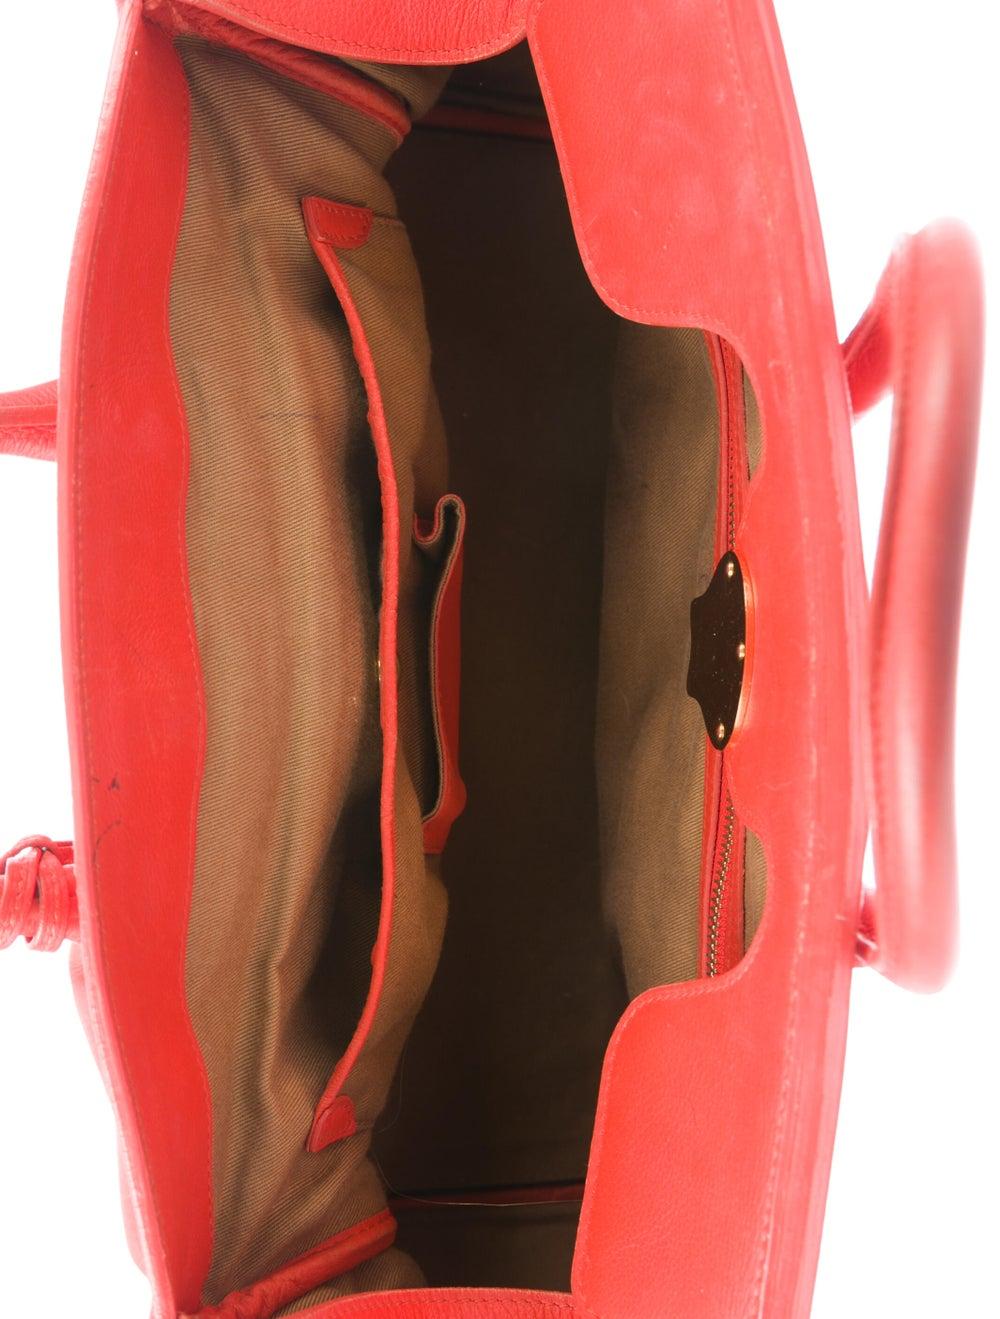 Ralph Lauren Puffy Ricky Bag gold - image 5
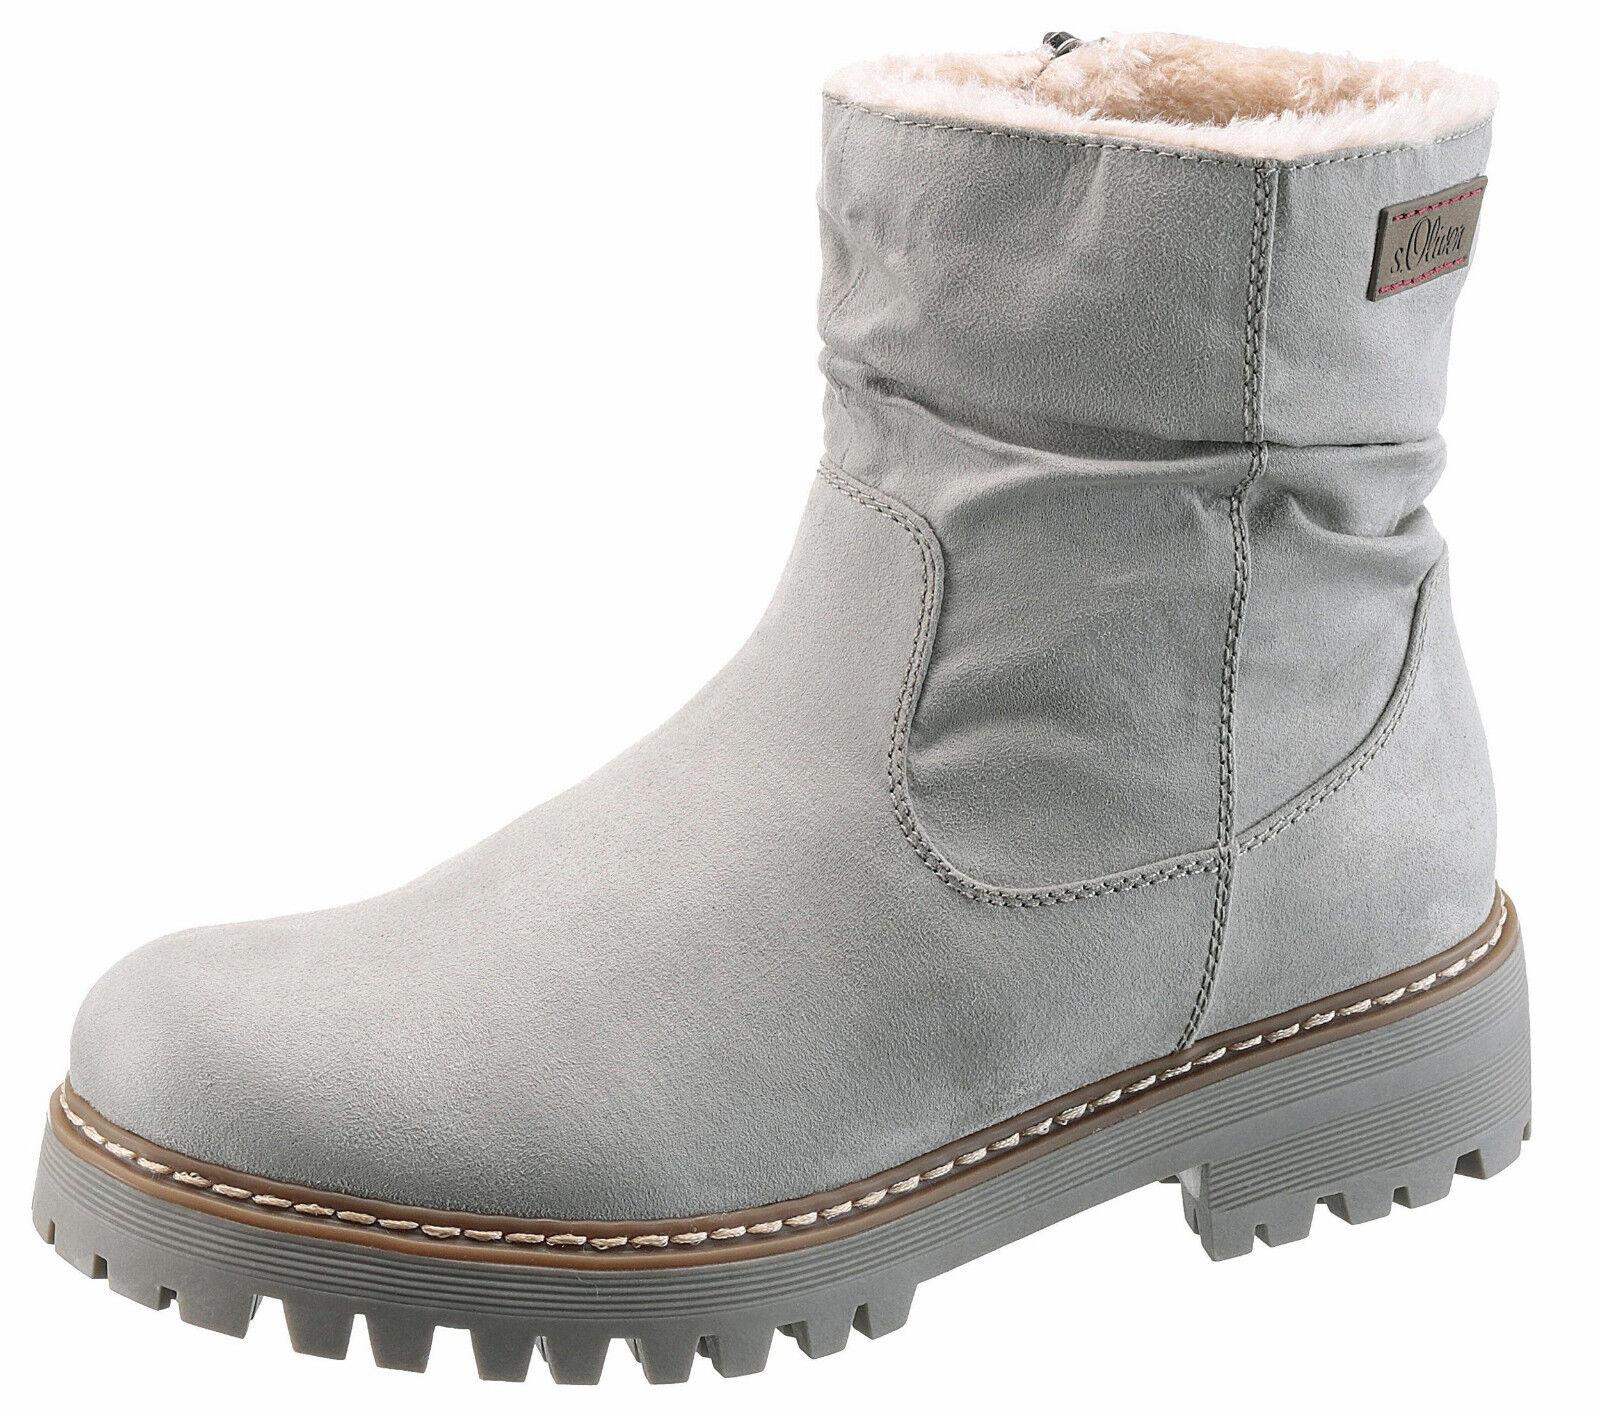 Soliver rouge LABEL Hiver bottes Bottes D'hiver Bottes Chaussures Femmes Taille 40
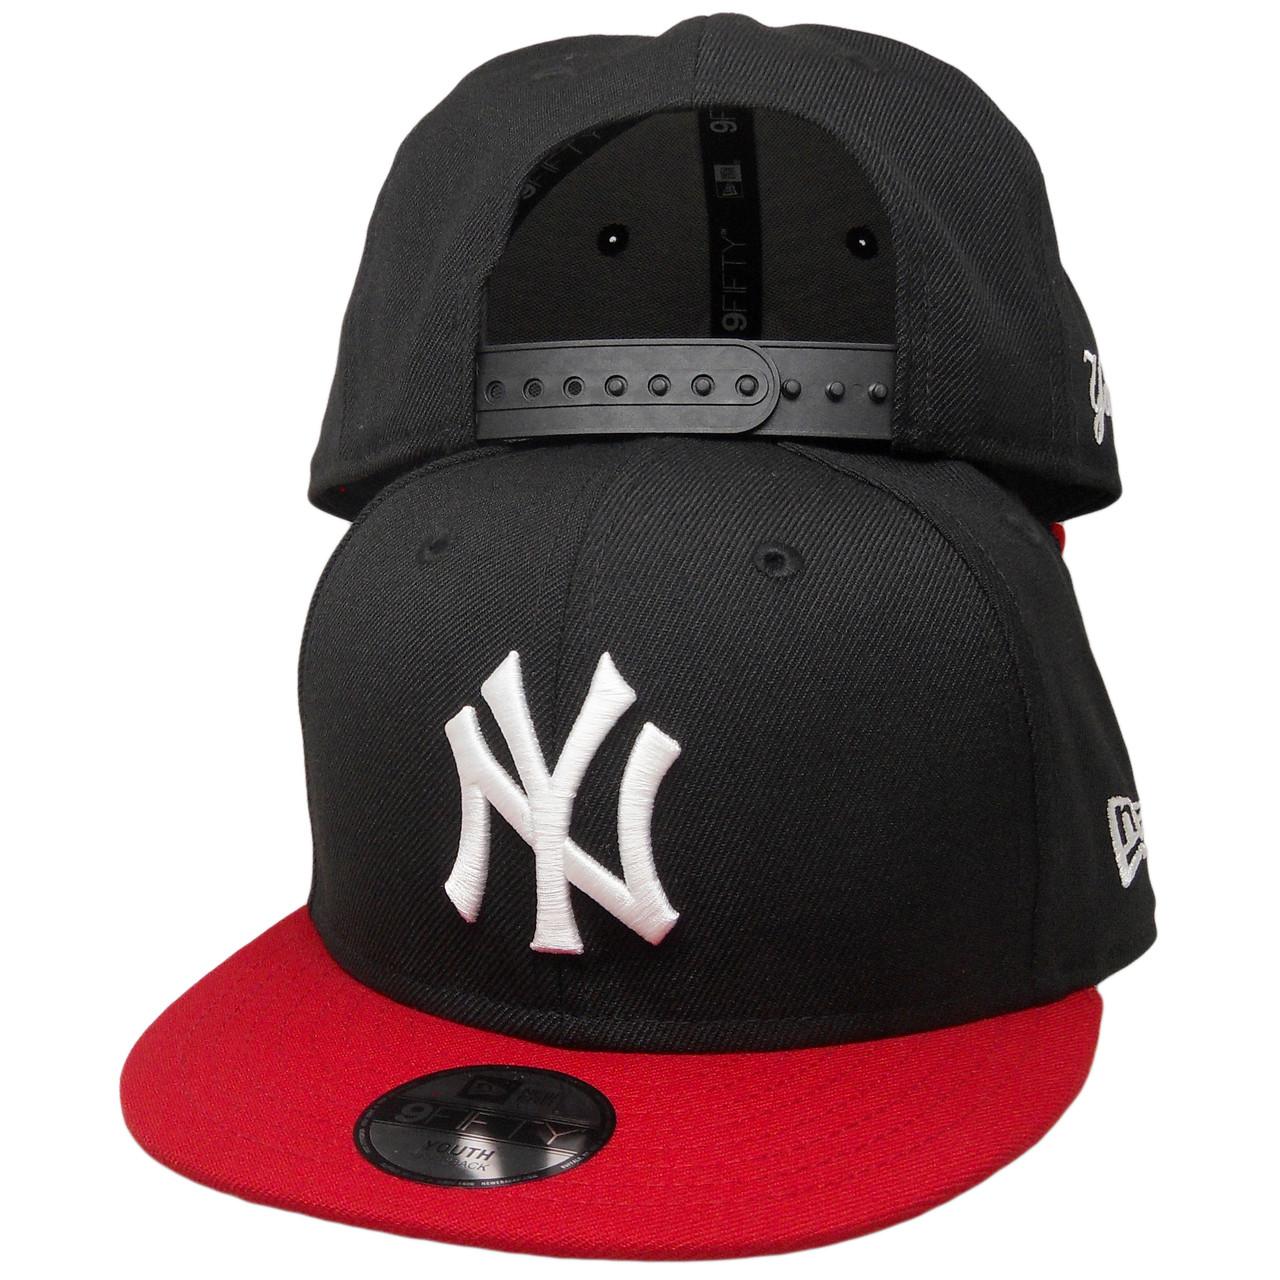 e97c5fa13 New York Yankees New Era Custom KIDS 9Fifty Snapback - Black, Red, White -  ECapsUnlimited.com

▶ _About this task_
Hand back the data above exactly, leaving out all pictures.

▶ _Response to the task_
 Ralph Lauren Puffy Ricky Bag gold - image 5
 Soliver rouge LABEL Hiver bottes Bottes D'hiver Bottes Chaussures Femmes Taille 40
 e97c5fa13 New York Yankees New Era Custom KIDS 9Fifty Snapback - Black, Red, White -  ECapsUnlimited.com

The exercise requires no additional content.